Xinhua, June 2, 2015 Adjust font size:

The U.S. government will launch what it called a "groundbreaking" precision medicine trial in July to determine whether targeted therapies based on cancer patients' specific gene mutations, rather than their cancer type, will be effective.

The U.S. National Cancer Institute (NCI) announced Monday in a statement that more than 20 different study drugs or drug combinations, each targeting a specific gene mutation, will be incorporated in the trial, known as NCI-MATCH.

Overall, about 3,000 patients will have their DNA sequenced to detect genetic abnormalities that may be driving tumor growth. About 1,000 patients whose gene mutations might be targeted by one of the study drugs or drug combinations will be enrolled into the various treatment arms in the trial.

NCI acting director Doug Lowy called NCI-MATCH "a unique, ground-breaking trial" and said it "holds the potential to transform cancer care."

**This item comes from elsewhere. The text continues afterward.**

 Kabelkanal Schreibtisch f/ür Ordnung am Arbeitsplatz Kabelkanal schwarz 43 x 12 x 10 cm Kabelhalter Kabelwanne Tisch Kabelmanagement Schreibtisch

"It is the first study in oncology that incorporates all of the tenets of precision medicine," said Lowy. "There are no other cancer clinical trials of this size and scope that truly bring the promise of targeted treatment to patients whose cancers have specific genetic abnormalities."

For the new trial, those eligible will be adults 18 years of age and older with solid tumors or lymphomas that have advanced following at least one line of standard systemic therapy, or with tumors for which there is no standard treatment. It also calls for at least 25 percent of the 1,000 patients enrolled to involve people with rare types of cancer.

The cancer treatment drugs being used in the trial will include both U.S. Food and Drug Administration approved drugs as well as investigational agents that are being contributed by a number of pharmaceutical companies, such as Pfizer and Roche.

The primary goal for the trial will be whether or not there is a tumor response to treatment, defined as tumor shrinkage by at least 30 percent in one dimension such as thickness, width, or length. The secondary goal is six-month progression-free survival, which is a measure of whether a patient's disease remains stable.

"For our purposes, a response rate of 5 percent or less in a molecularly-defined population will not be considered promising, whereas a response rate of 16 percent to 25 percent will be encouraging," said NCI study co-chair Barbara Conley, associate director of the NCI's Cancer Diagnosis Program. "After starting treatment in NCI-MATCH, a 6-month progression-free survival of 15 percent will not be considered promising, whereas a progression- free survival at six months of 35 percent will indicate that we would want to develop that treatment further."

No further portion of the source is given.